As you recall, I was working on a design for an electronic nonlethal mousetrap. Well, I was stumped as to how to turn it on. It wasn’t as easy as it sounds.
There was a manual ON switch, but I didn’t want the trap to be on all the time or the battery would run down prematurely. Instead, I wanted the trap to activate only after a mouse actually entered. Thus, the manual switch would merely ‘enable’ the mouse trap to be turned on. It was the act of the mouse entering the trap, and triggering the reed switch, that would turn the mousetrap on for real.
Here’s the slide show slide for the manual switch:
Here’s the slide for the reed switch:
At first I thought it was a simple matter of sending a signal from the microcontroller back to a transistor that would always keep it on. But then I realized that would mean having a positive current flow from a lower to higher voltage. No no.
What comes to the rescue is a component known as a thyristor. Here’s an animation on how thyristors work.

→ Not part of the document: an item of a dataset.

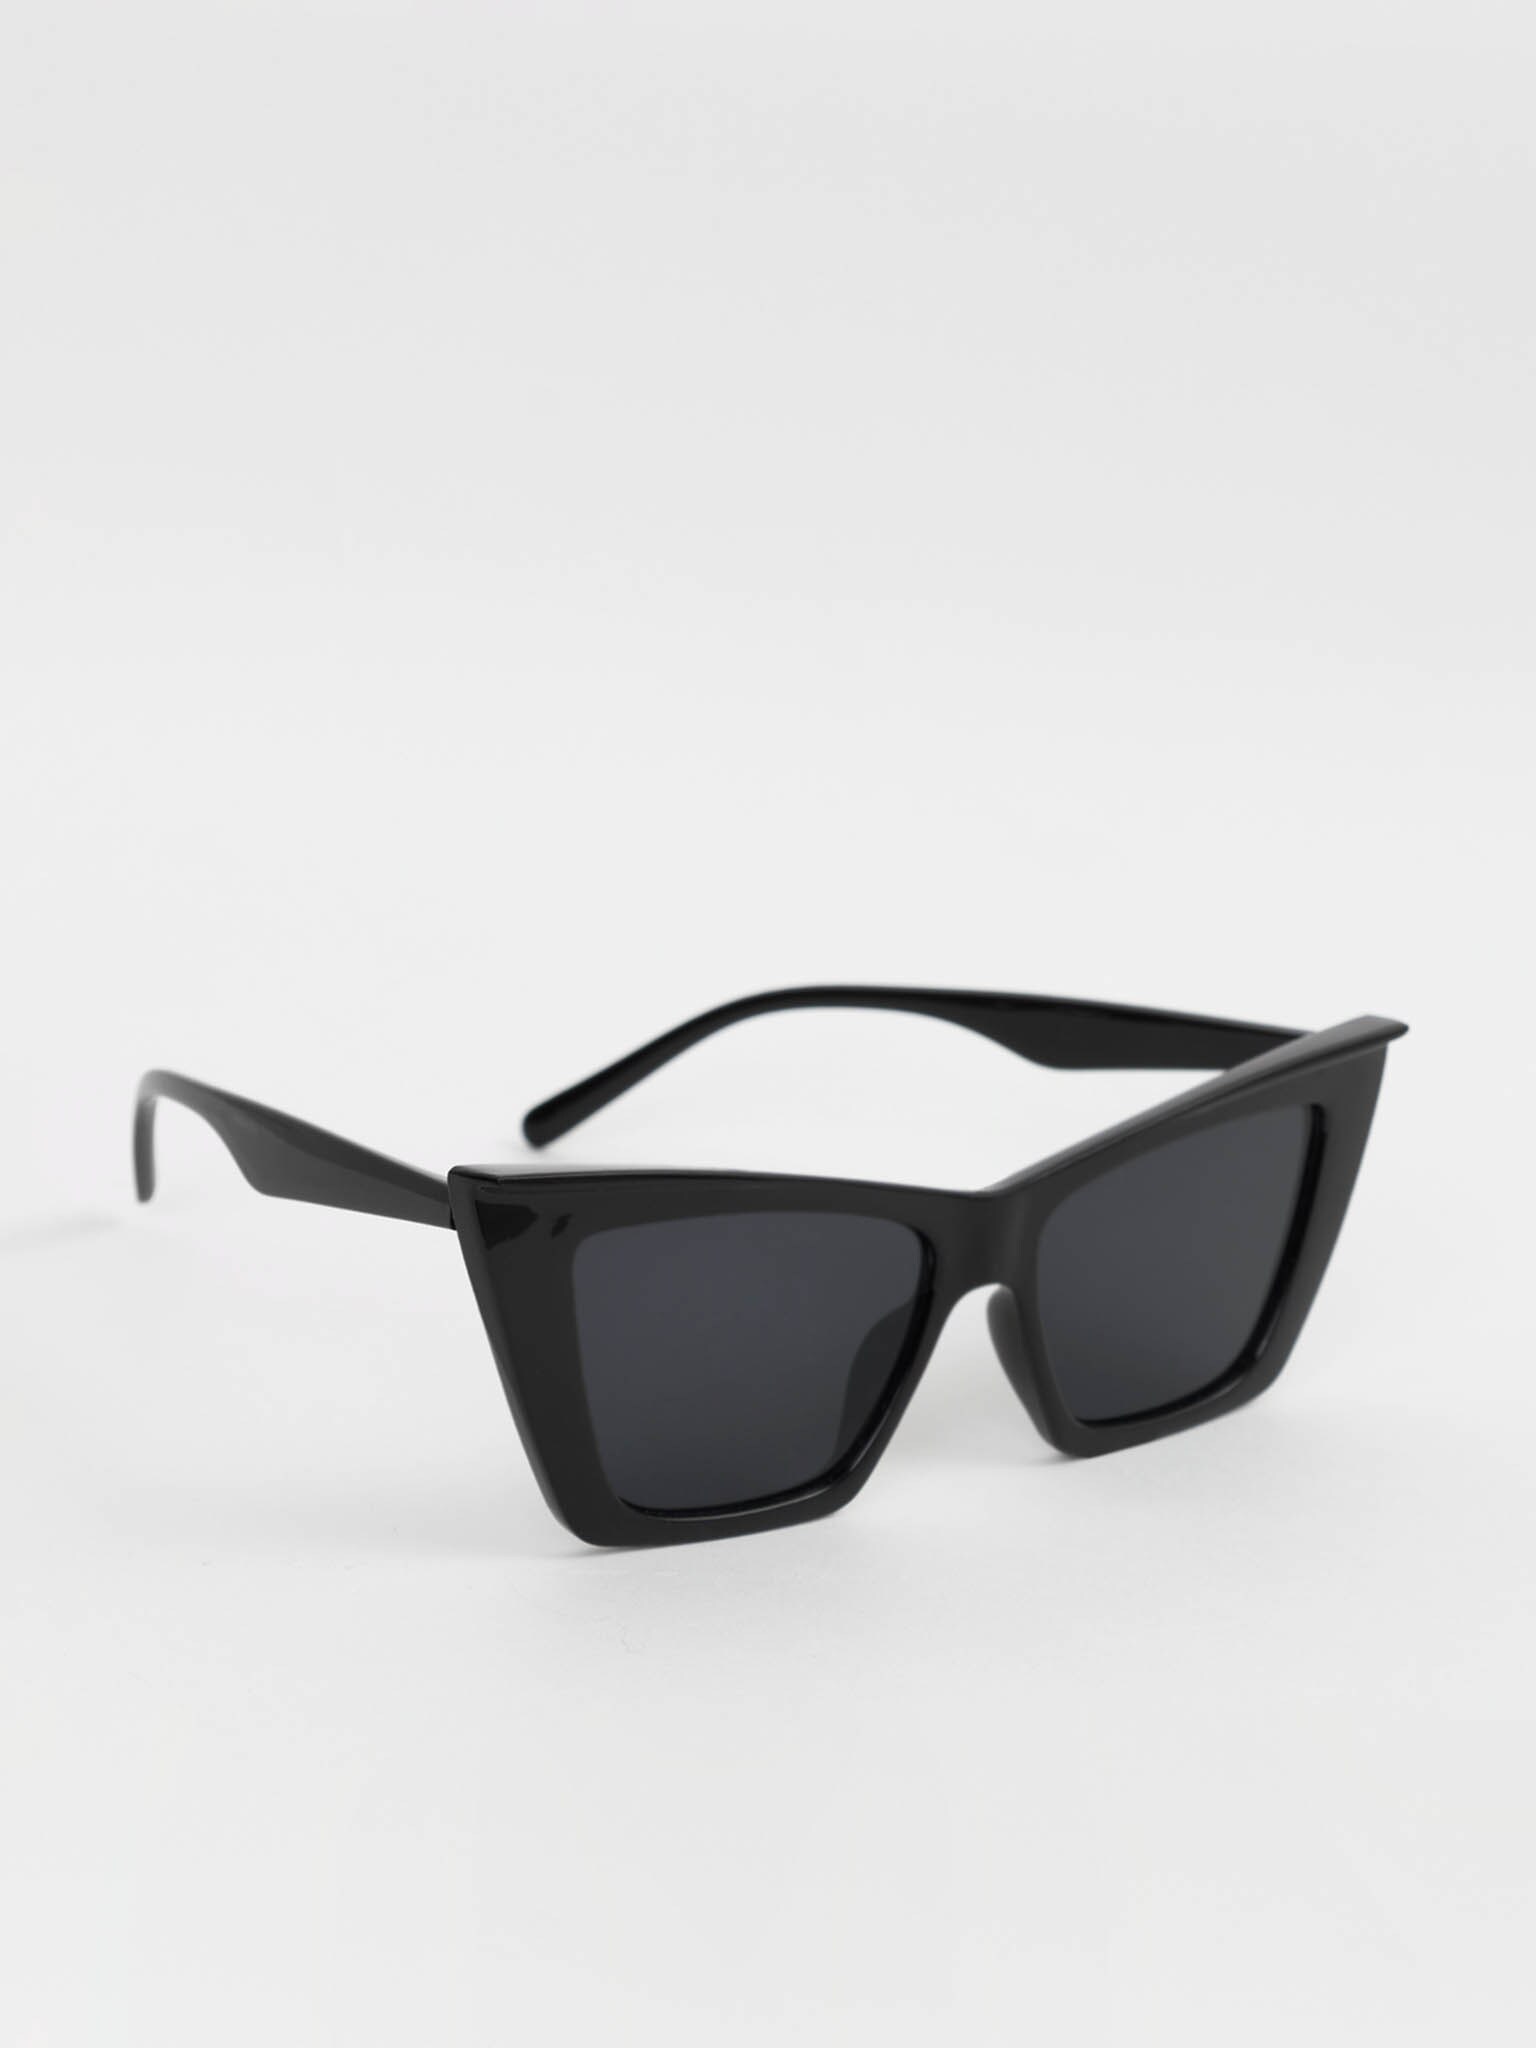 Angular cat-eye sunglasses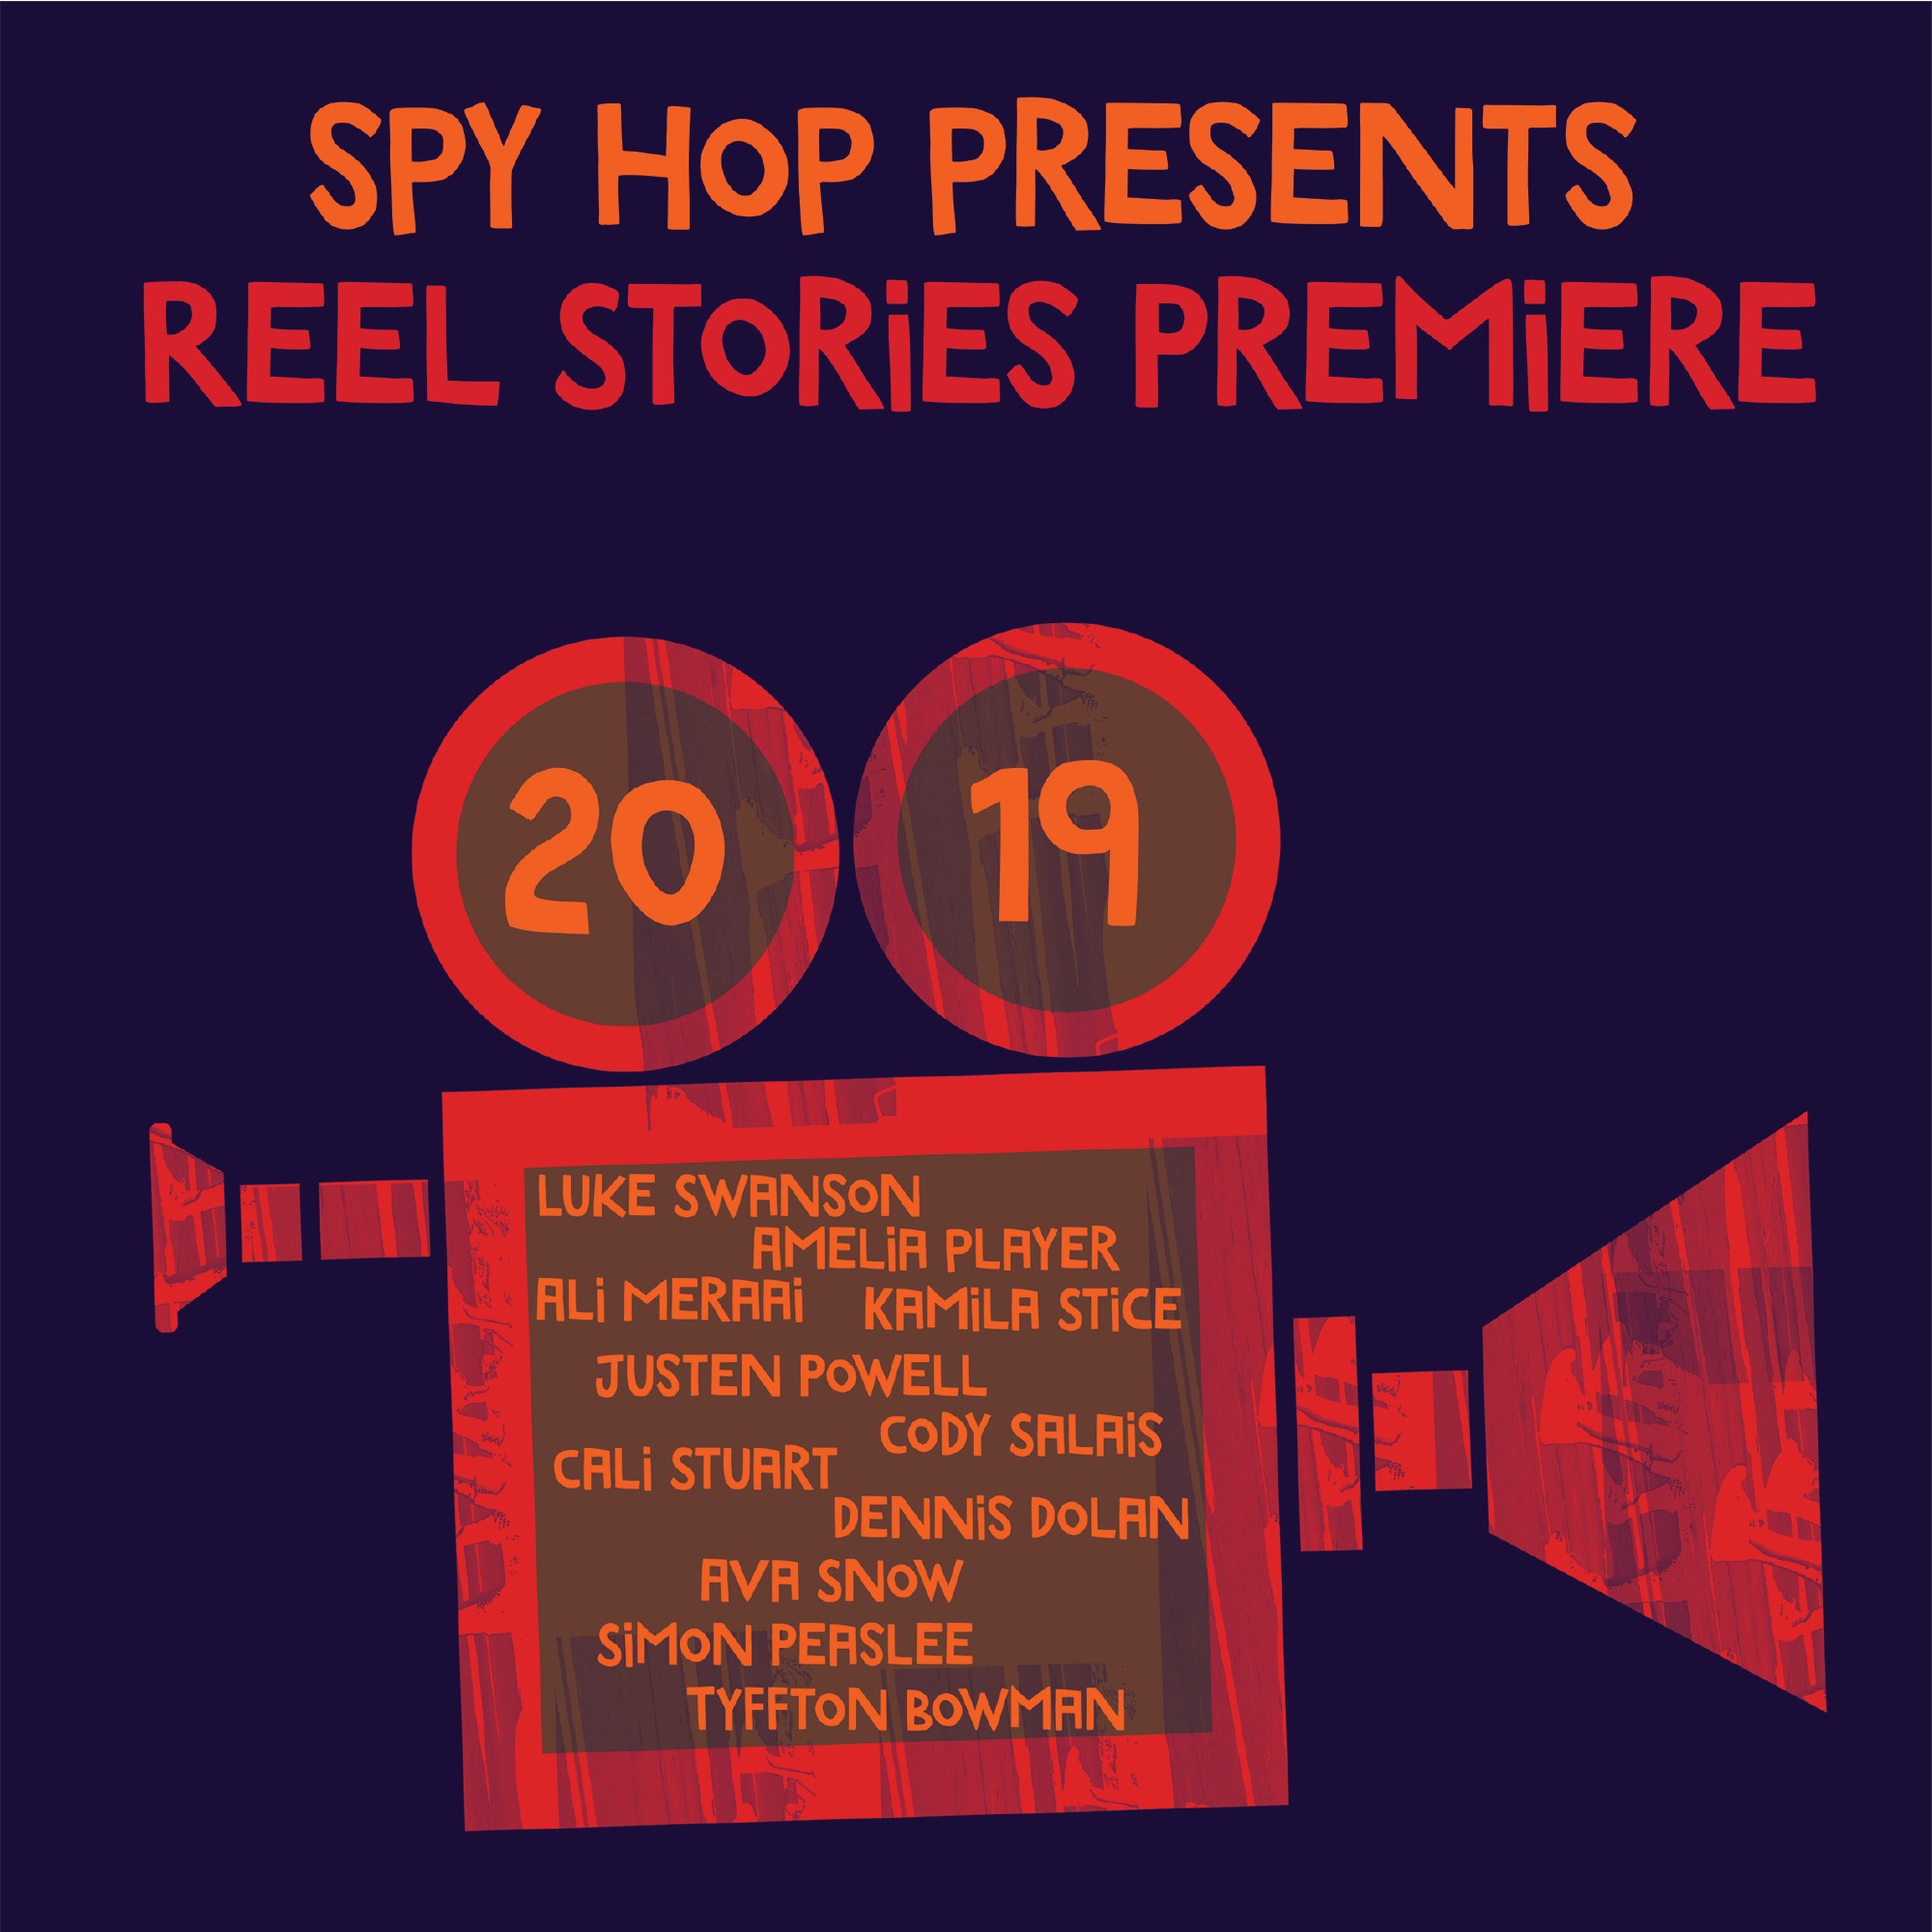 2019 Reel Stories Premiere - Spy Hop

A thyristor is what I need, as shown in this (rather crude) schematic:
When the manual switch is closed, the opportunity for current to flow through the thyristor exists. If a mouse enters the mouse trap, she activates the reed switch and current flows through the thyristor gate. Thereupon the thyristor allows current to pass from the battery to the microcontroller. The thyristor will remain on even when the reed switch is deactivated, and requires the manual switch to be opened in order to turn off again.
Thyristors are common, easily available parts. Here’s one at Radio Shack for just $1.19.
The sad news is that my rusty engineering education from almost forty years ago didn’t dredge up memory of thyristors. The happy news is that I found out all about them in mere seconds by googling ‘What electronic component is like a switch that turns on and stays on?’ Ask and you shall receive.
I’m still debating whether to actually build an electronic nonlethal mousetrap, but now more than ever I believe it can be done.